(Beginning of SOURCE DATA)
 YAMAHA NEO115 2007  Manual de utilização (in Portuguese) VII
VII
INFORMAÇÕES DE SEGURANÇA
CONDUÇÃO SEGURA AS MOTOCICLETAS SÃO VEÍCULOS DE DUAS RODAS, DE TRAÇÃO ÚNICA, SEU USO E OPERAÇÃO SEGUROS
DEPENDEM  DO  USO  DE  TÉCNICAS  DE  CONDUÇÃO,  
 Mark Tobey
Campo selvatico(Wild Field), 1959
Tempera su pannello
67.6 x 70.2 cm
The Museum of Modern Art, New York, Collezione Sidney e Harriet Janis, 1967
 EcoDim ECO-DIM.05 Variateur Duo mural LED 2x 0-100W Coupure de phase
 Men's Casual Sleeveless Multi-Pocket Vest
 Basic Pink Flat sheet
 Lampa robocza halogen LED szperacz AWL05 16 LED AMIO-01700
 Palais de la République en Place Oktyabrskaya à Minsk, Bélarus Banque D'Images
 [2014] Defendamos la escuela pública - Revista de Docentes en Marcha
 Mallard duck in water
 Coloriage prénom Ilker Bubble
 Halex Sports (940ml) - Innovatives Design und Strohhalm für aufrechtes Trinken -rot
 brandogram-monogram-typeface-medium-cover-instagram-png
(End of SOURCE DATA)
* BRIEF
Every line above from the line with "67.6 x 70.2 cm" to the line with "Halex Sports (940ml)" is wanted, ends included; write them out exactly and add no other line.

* TASK RESPONSE
67.6 x 70.2 cm
The Museum of Modern Art, New York, Collezione Sidney e Harriet Janis, 1967
 EcoDim ECO-DIM.05 Variateur Duo mural LED 2x 0-100W Coupure de phase
 Men's Casual Sleeveless Multi-Pocket Vest
 Basic Pink Flat sheet
 Lampa robocza halogen LED szperacz AWL05 16 LED AMIO-01700
 Palais de la République en Place Oktyabrskaya à Minsk, Bélarus Banque D'Images
 [2014] Defendamos la escuela pública - Revista de Docentes en Marcha
 Mallard duck in water
 Coloriage prénom Ilker Bubble
 Halex Sports (940ml) - Innovatives Design und Strohhalm für aufrechtes Trinken -rot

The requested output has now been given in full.